Join a Networking Group

There are many types of networking groups. There’s one like the Kiwanis Club, which supports community service, and the WRABA, or Chambers of Commerce, which supports local businesses and leads passing groups like BNI. 

All serve a valuable purpose and help to bring you into your area’s greater community. You get exposure, learn how you can help others, and may find people who need your service, too. 


One of the purest forms of giving back to the community is volunteering. So consider taking a day or two a year (or a month if you can) and bring your team to a local nonprofit, school, or other worthy cause that needs you. 

Not only does it expose you to the public and give you a positive association, but it also improves your team’s morale and job satisfaction.

Mentor Someone

Finally, pay it forward. If you are a business owner or successful business professional, find someone a little further down the ladder and help them out!

There are many ways to do it, both formal and informal. Our area has the largest business competition in the state, and it’s always looking for mentors – the Gauntlet! Maybe it’s easier for you to mentor someone during business hours with an intern from a local college. Or find someone at one of those local networking events and lend them an ear and a hand.
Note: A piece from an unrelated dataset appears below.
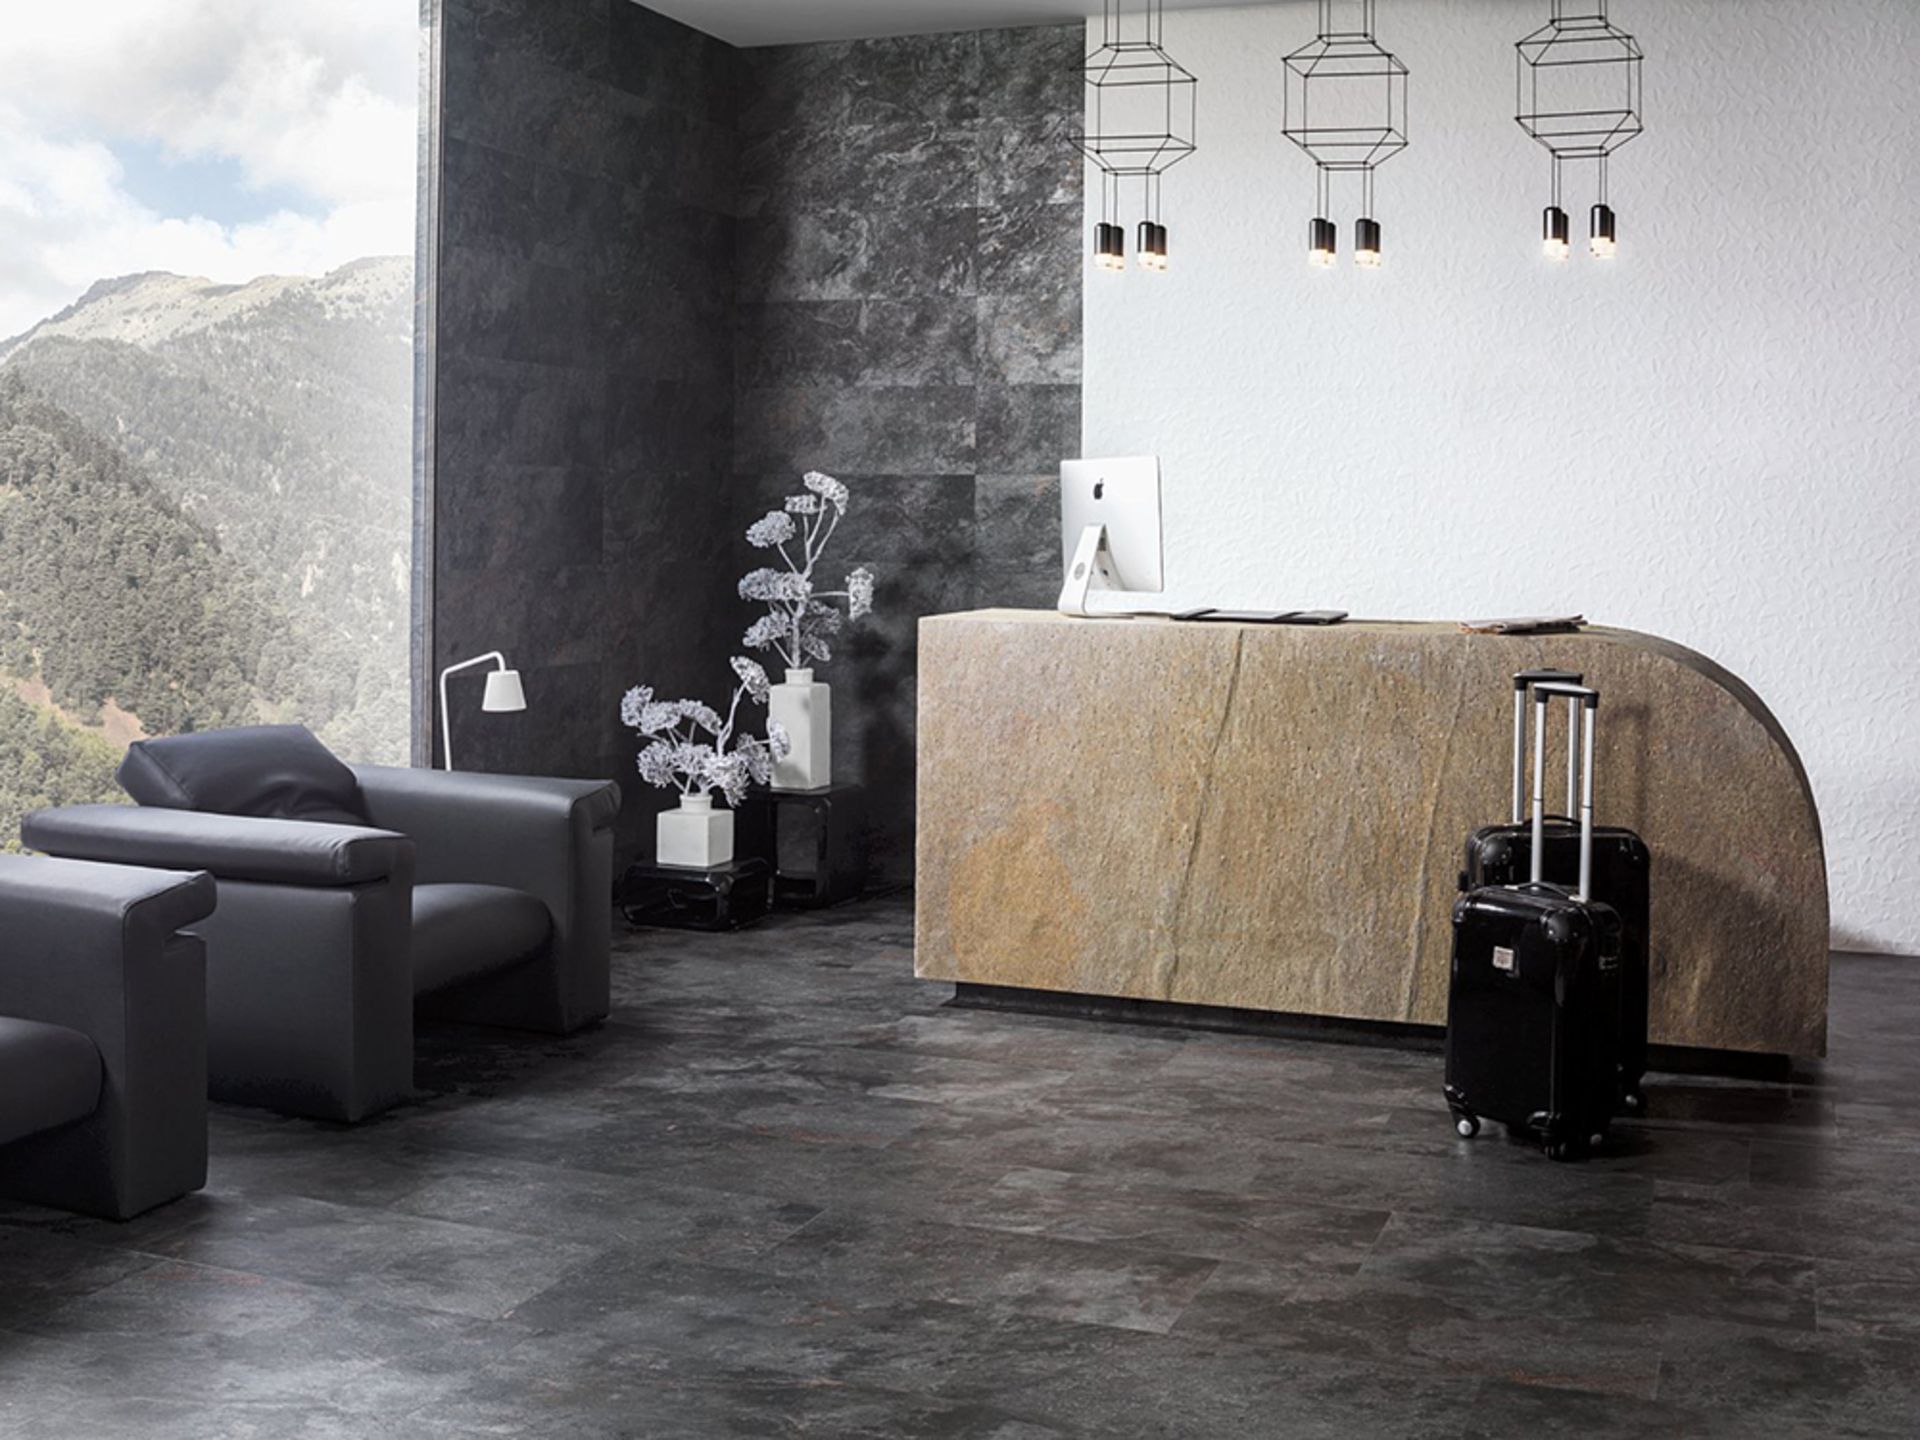 10.01 Square Meters of Porcelanosa Mirage Dark Wall and Floor Tiles. 59.6x120cm per tile. The images

Marketing is More Than Hiring a Local Professional Marketing Company

While we always recommend hiring a professional marketing company as soon as you can afford it, it’s not the only way to get your name out there. Likewise, all the community-building suggestions I gave in this blog aren’t enough to cover your marketing efforts. 

However, being part of your community is valuable in and of itself and is an excellent addition to an effective marketing strategy.